Villagers recover whale carcass from the Kuskokwim River after it was killed by hunters

Author: Lisa Demer Updated: 4 hours ago Published 2 days ago

A whale that made an unusual trip into freshwater then was shot Thursday by hunters on the Kuskokwim River finally was pulled onto shore Saturday, said a tribal leader in the village of Napaskiak.

The whale carcass was being measured and residents on Saturday evening were making their first cuts into it, said Chris Larson, honorary tribal chief in Napaskiak.

"The whole village is here," said tribal administrator Sharon Williams, one of hundreds of people who gathered at the village airport, where the whale ended up.

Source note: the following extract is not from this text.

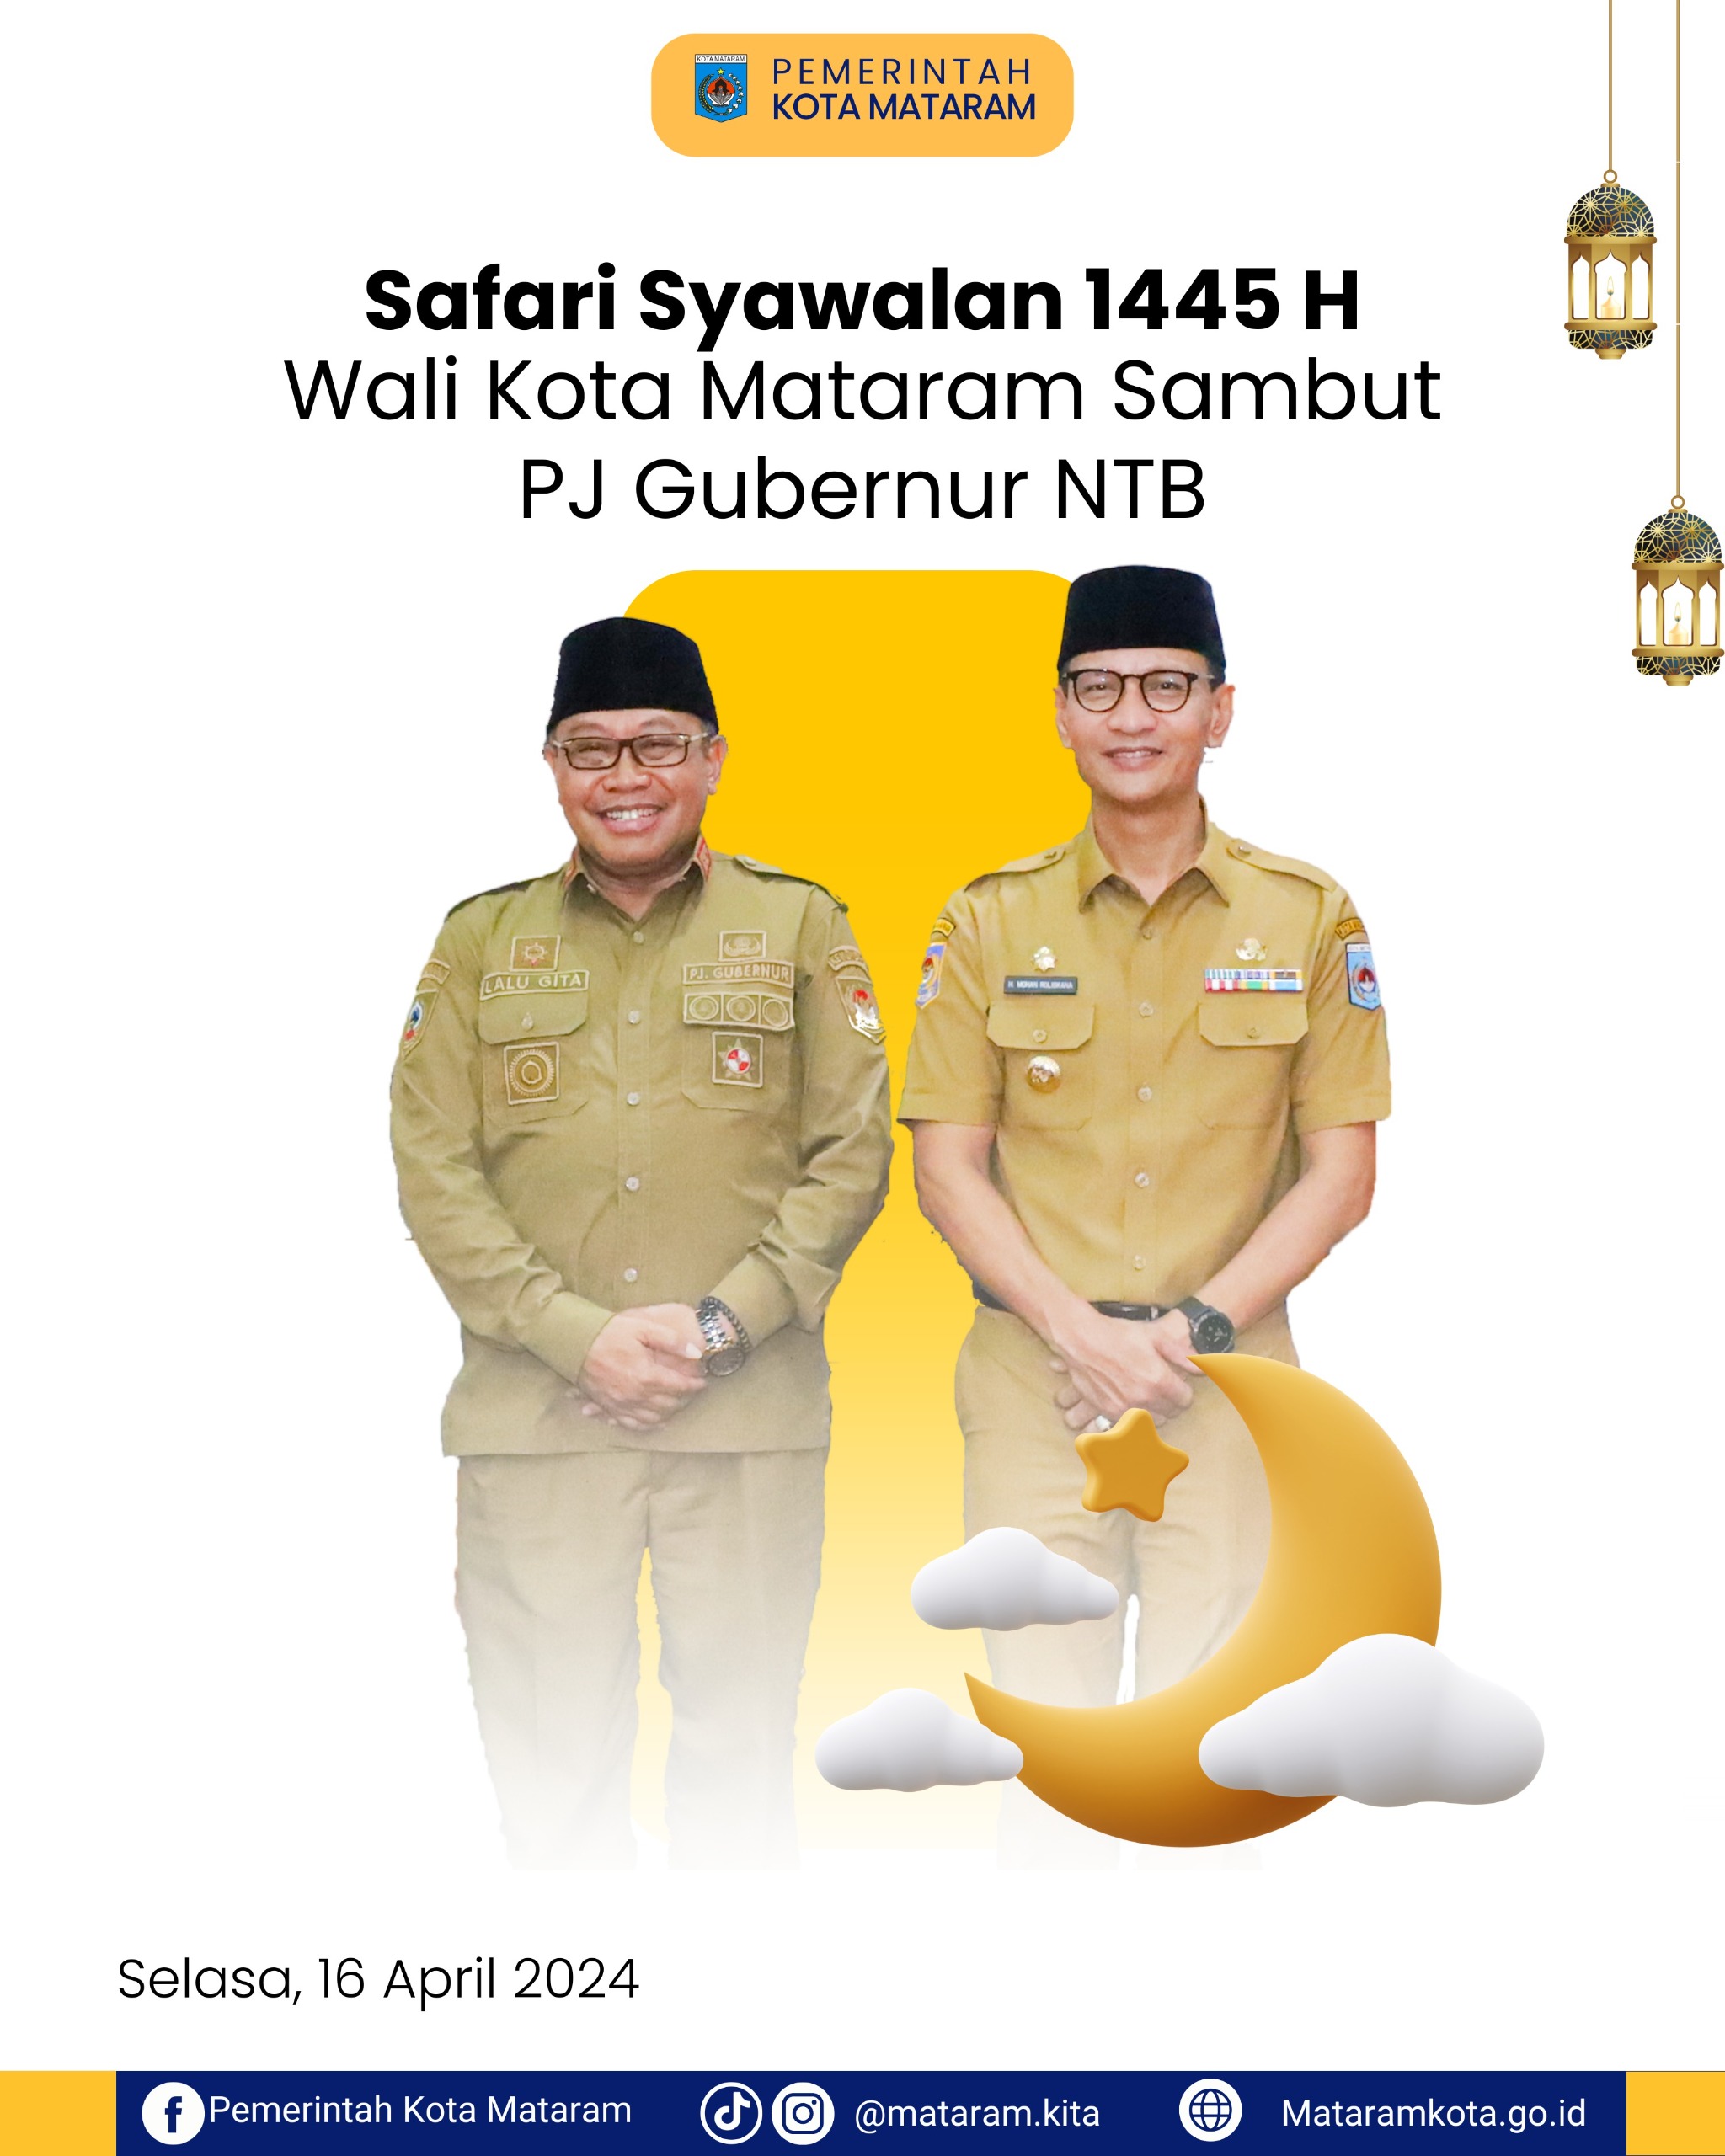 Safari Syawalan 1445 H, Wali Kota Mataram Sambut PJ Gubernur NTB

They expect that the meat will be good, Larson said.

"It's not going to go to waste," he said.

The whale sank Thursday into the river, to the dismay of hunters working from aluminum skiffs and those watching from other boats. Retrieving it was a challenge. Ropes and harpoons not designed for such a big animal repeatedly gave way.

The men weren't from traditional whaling communities and also had trouble killing it, said Rita Joekay of Napaskiak, one of those watching from a boat.

While Napaskiak residents are marveling at the whale that came to them, federal authorities looking into how it was killed.

The federal National Oceanic and Atmospheric Administration has authority to protect whales. Officials said Friday that the agency is investigating the shooting.

The species of whale that was shot hasn't been confirmed. Belugas, which can be hunted by Alaska Natives, are more typically the type of whale that swims up a river, NOAA says. Locals say they at first thought it was a beluga, but after some videos and pictures were posted on Facebook some people changed their best guess to a gray whale.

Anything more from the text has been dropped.